Tara Sabo-Attwood1,7, Jason L Blum1, Kevin J Kroll2,3, Vishal Patel2,3, Detlef Birkholz8, Nancy J Szabo3,4, Suzanne Z Fisher5, Robert McKenna5, Martha Campbell-Thompson6 and Nancy D Denslow2,3,5

1 Department of Pharmacology and Therapeutics,2 Department of Physiological Sciences,3 Center of Environmental and Human Toxicology,4 Analytical Toxicology Core Laboratory,5 Department of Biochemistry and Molecular Biology and 6 Department of Pathology,, Immunology and Laboratory Medicine, University of Florida, PO Box 110885, Gainesville, Florida 32611, USA 7 Department of Environmental Health Sciences,, University of South Carolina, Columbia, South Carolina, USA 8 Enviro-Test Laboratories,, Edmonton, Alberta, Canada

(Correspondence should be addressed to N D Denslow; Email: ndenslow{at}ufl.edu)

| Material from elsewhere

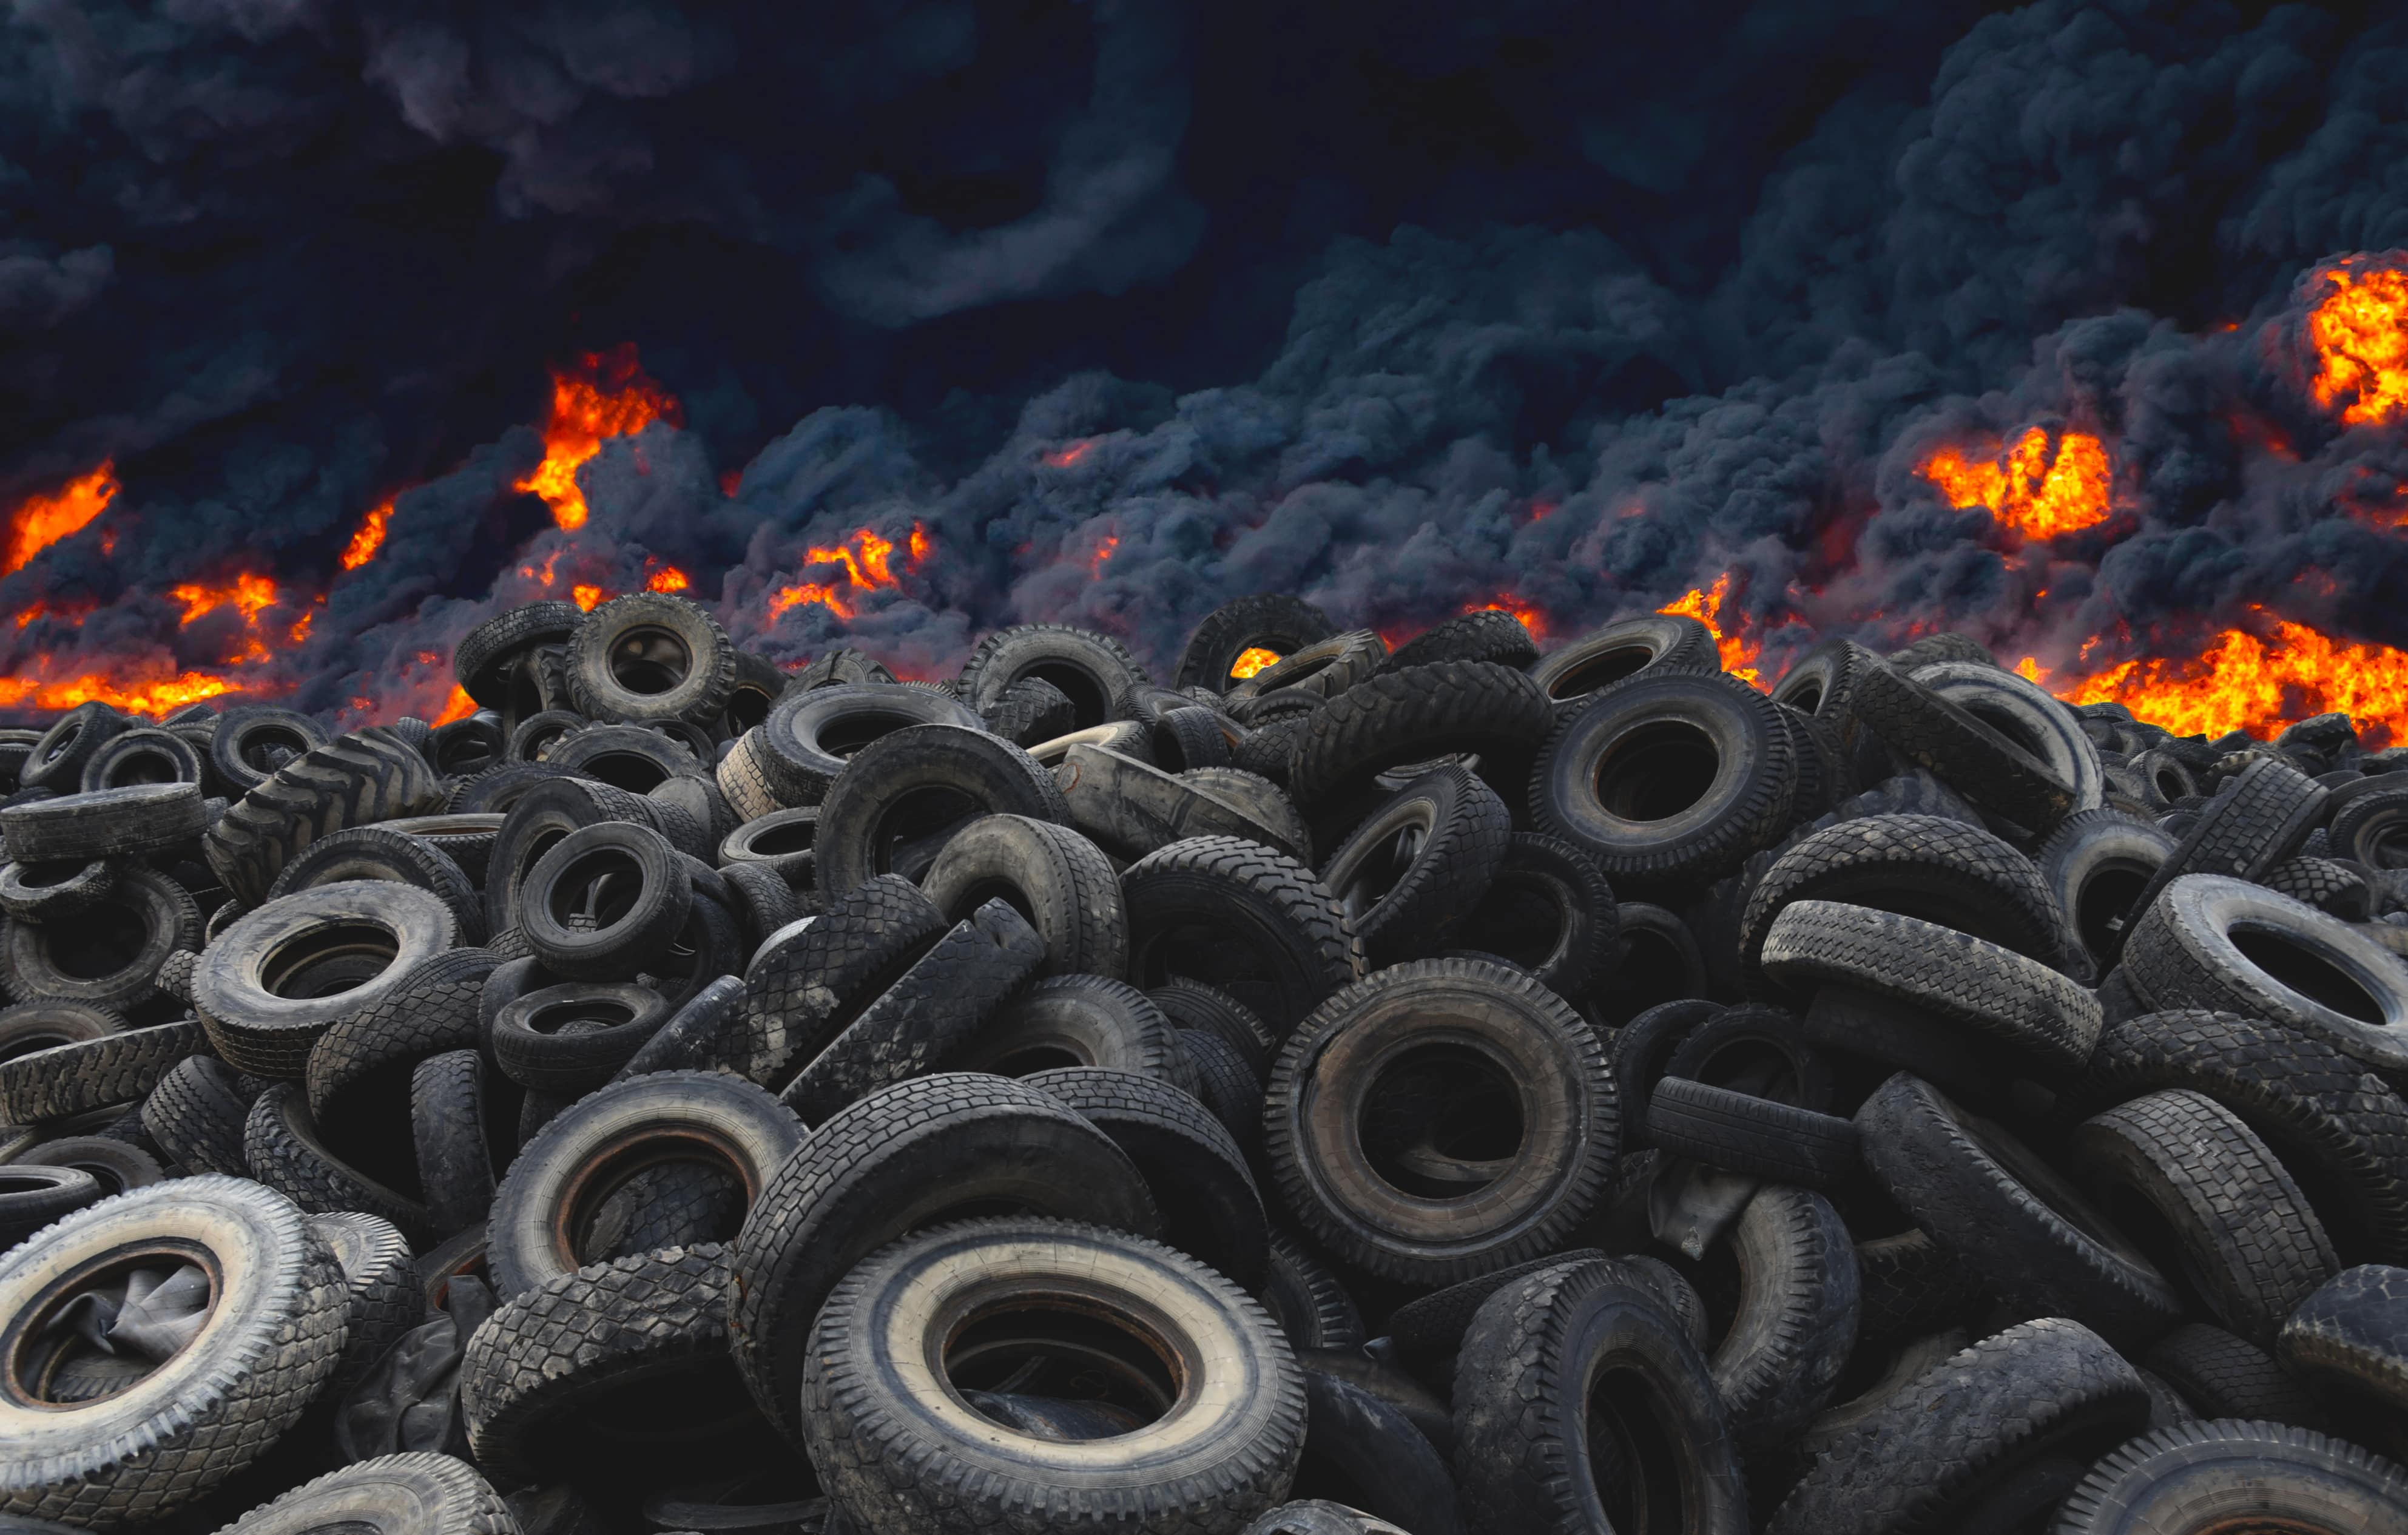 A lot of tires on fire

These studies were supported by the Superfund Basic Research Program from the National Institute of Environmental Health Sciences, P42 ES 07375 and NIEHS RO1 ES015449 to ND and NIH grant GM25154 to RM for salary support of ZF. The authors declare no conflict of interest.

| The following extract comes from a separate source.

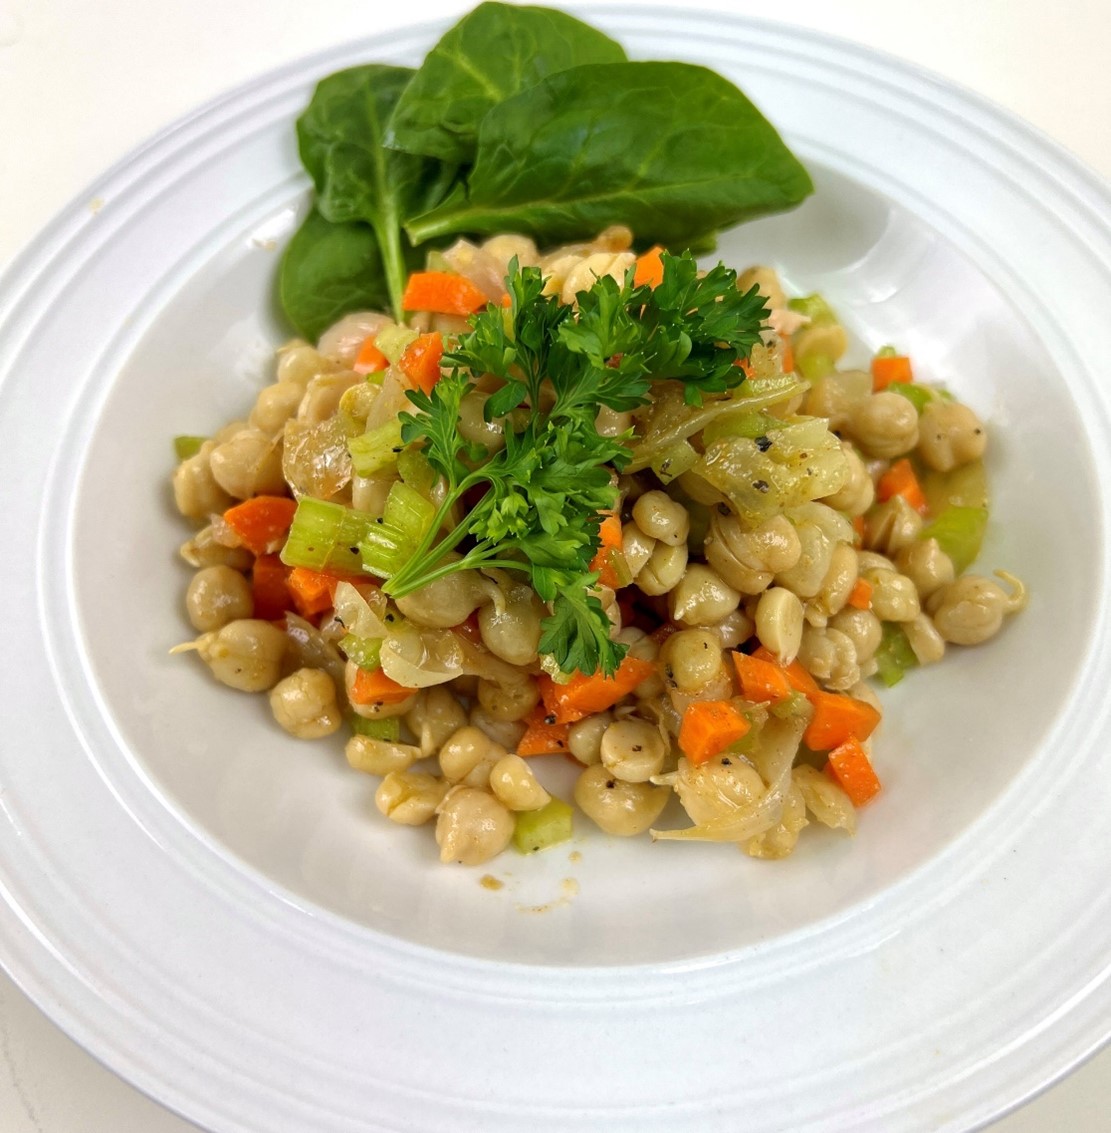 Organic Sprouted Chickpea Salad

T Sabo-Attwood and J L Blum contributed equally to this work

The estrogen receptor (ER) signaling cascade is a vulnerable target of exposure to environmental xenoestrogens, like nonylphenol (NP), which are causally associated with impaired health status. However, the impact of xenoestrogens on the individual receptor isotypes ({alpha}, ßa, and ßb) is not well understood. The goal of these studies was to determine the impact of NP on largemouth bass (Micropterus salmoides) ER isotype expression and activity. Here, we show that hepatic expression levels of three receptors are not equivalent in male largemouth bass exposed to NP by injection. Transcript levels of the ER{alpha} subtype were predominantly induced in concert with vitellogenin similarly to fish exposed to 17ß-estradiol (E2) as measured by quantitative real-time PCR. NP also induced circulating plasma levels of estrogen, which may contribute to overall activation of the ERs. To measure the activation of each receptor isotype by E2 and NP, we employed reporter assays using an estrogen response element (ERE)–luciferase construct. Results from these studies show that ER{alpha} had the greatest activity following exposure to E2 and NP. This activity was inhibited by the antagonists ICI 182 780 and ZM 189 154. Furthermore, both ßb and ßa subtypes depressed ER{alpha} activation, suggesting that the cellular composition of receptor isotypes may contribute to the overall actions of estrogen and estrogenic contaminants via the receptors. Results from these studies collectively reveal the differential response of fish ER isotypes in response to xenoestrogens.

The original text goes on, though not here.